1. The Nuggets as a road team. They were just 21-20 away from Pepsi Center during the regular season, six games worse on the road than any of the other remaining championship hopefuls. An ordinary concern expands into a potential series-altering issue because Denver, for the first time in the playoffs, does not have home-court advantage. It went 2-2 on the road in the earlier rounds, splitting at New Orleans and then splitting at Dallas. Both visits to L.A. in the regular season ended in 14-point losses.

2. The Lakers' point guards. It was a particularly bad second round for Derek Fisher, who shot 30.8 percent with seven assists against five turnovers and couldn't stay in front of his man on defense. And that was against unproven second-year players Aaron Brooks and Kyle Lowry.

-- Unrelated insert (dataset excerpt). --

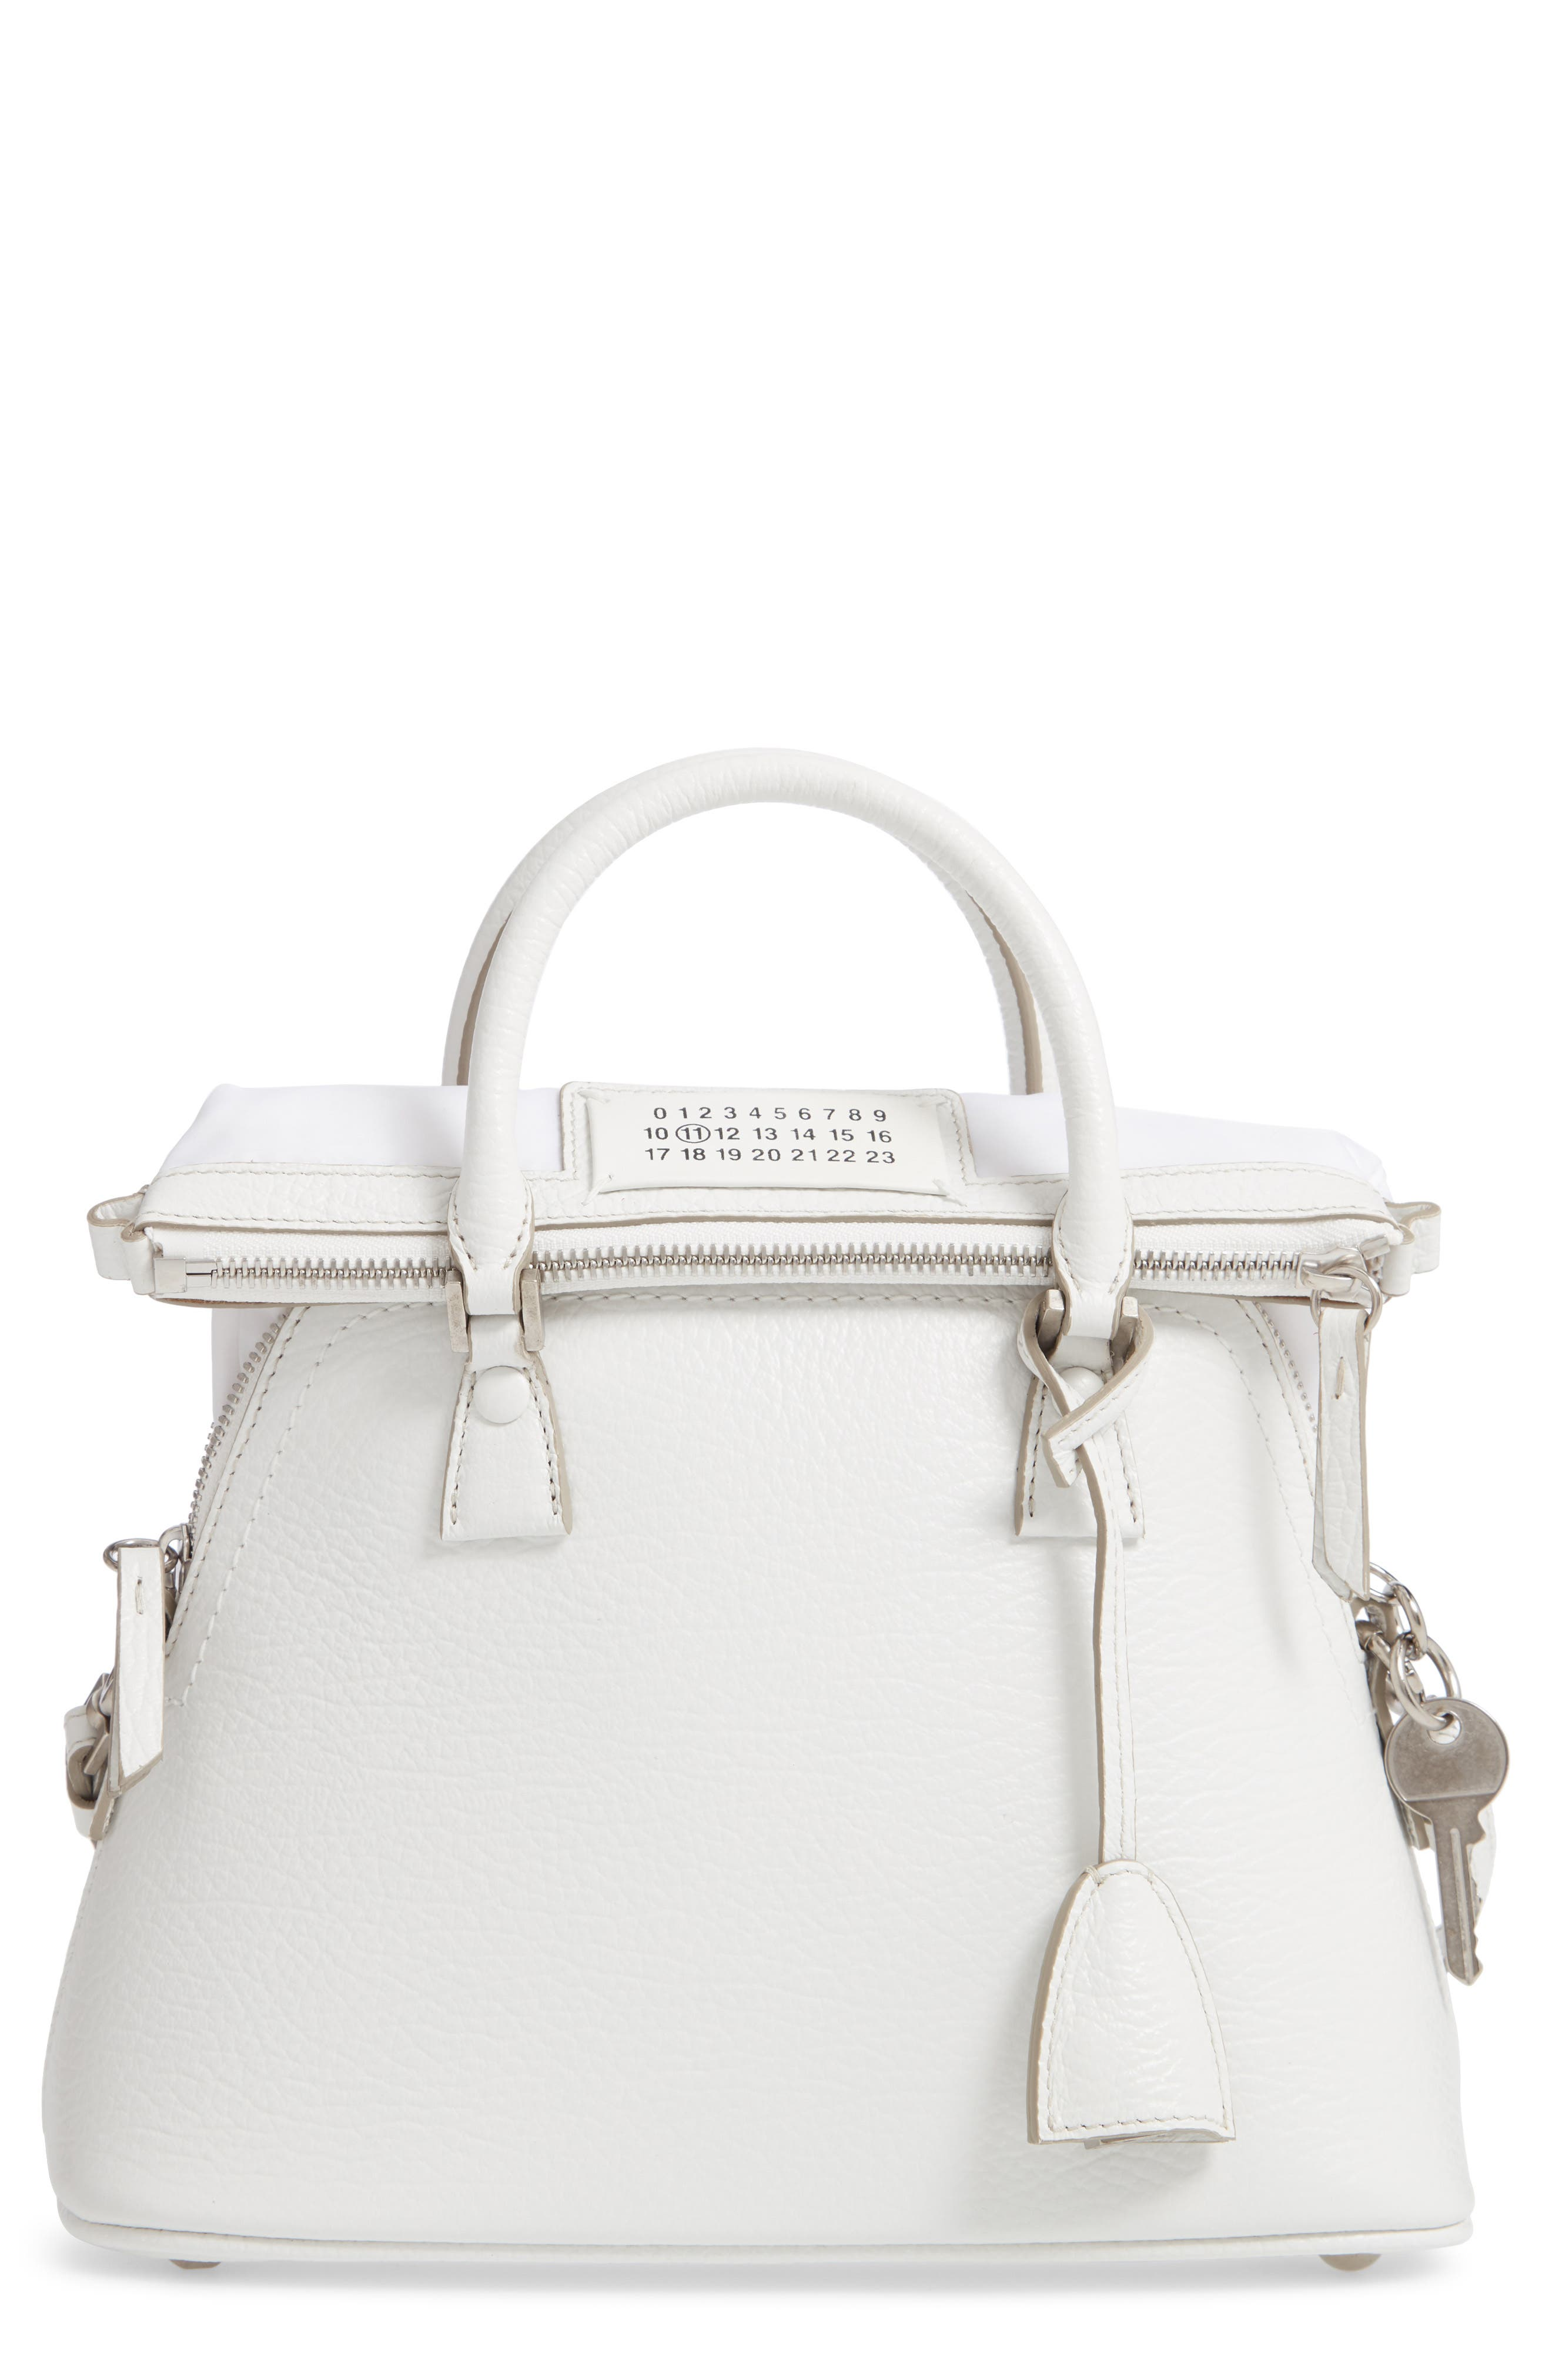 Small 5AC Calfskin Leather Handbag,                         Main,                         color, WHITE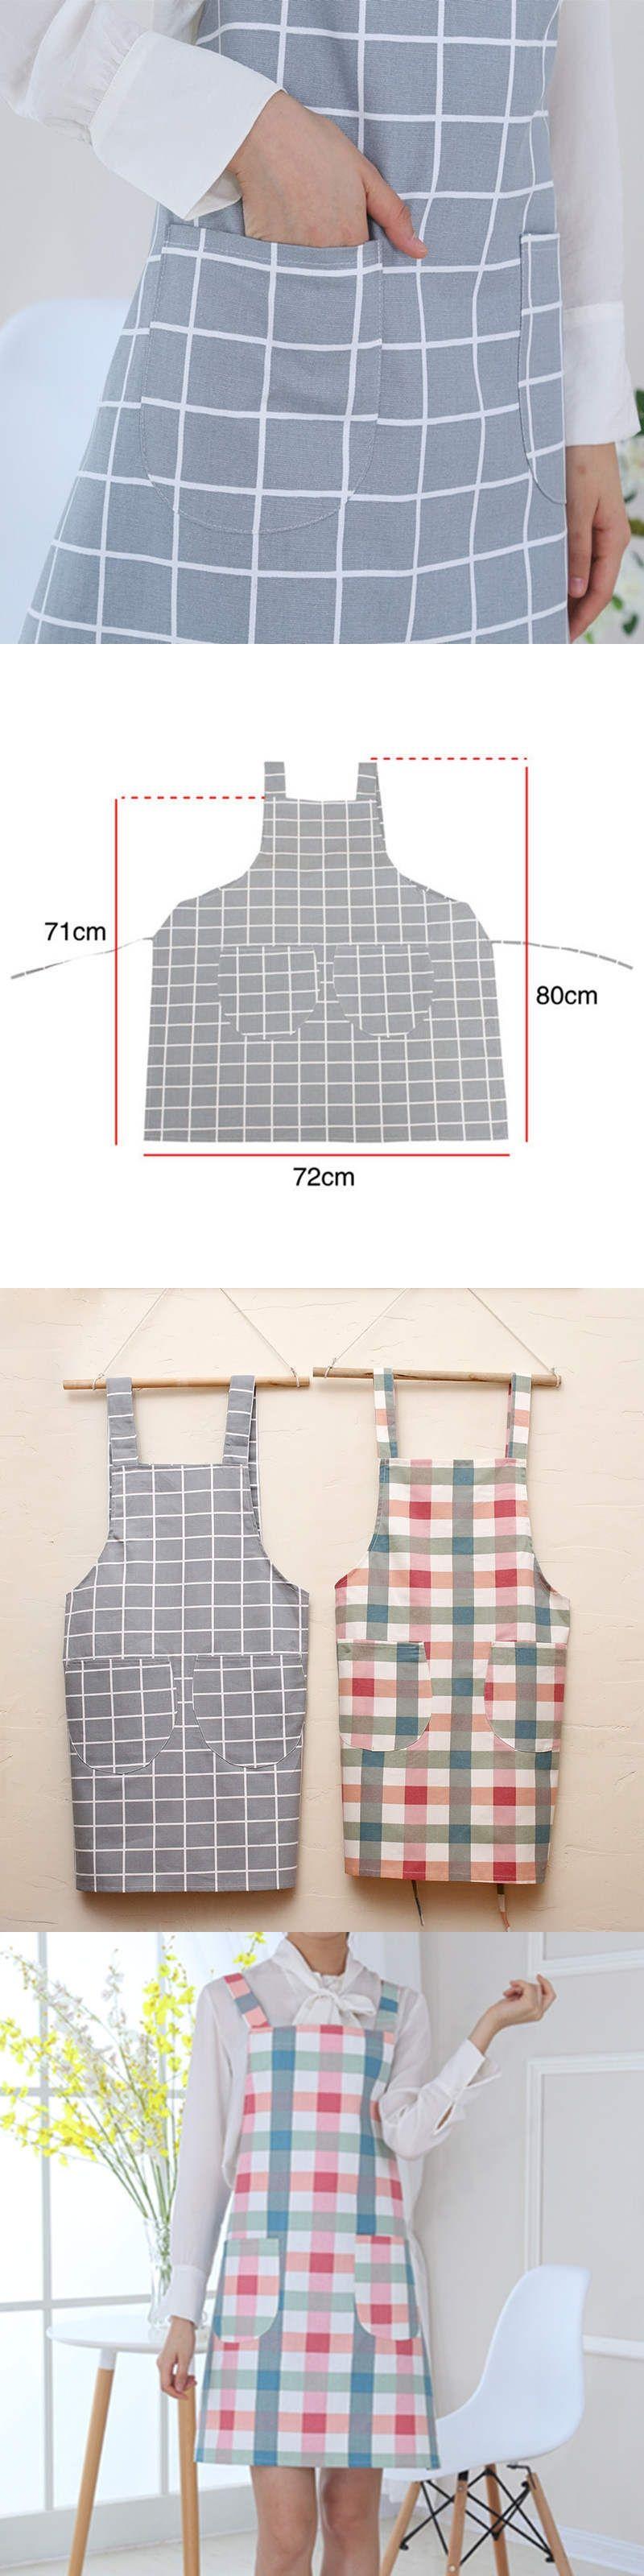 Doreenbeads antifouling apron grid checkered pattern kitchen

Now Fisher gets one of the star point guards of the playoffs, Chauncey Billups. The Denver floor leader won't turn L.A.'s world upside down with speed the way Brooks did, but for big shots, for playoff experience, for leadership, no one at the position is doing more damage.

3. Andrew Bynum's impact. The Bynum of late in the regular season is a great lift for the Lakers. The Bynum of most of the first and second round is a letdown. The Bynum of Game 7 against the Rockets, a lift. If no one knows what to expect from the roster as a whole, the starting center for the moment is particularly unpredictable. The Lakers have the versatility to keep Bynum in the starting lineup or bench him again while moving Pau Gasol to center. They'd rather have their prodigy big man back to stay.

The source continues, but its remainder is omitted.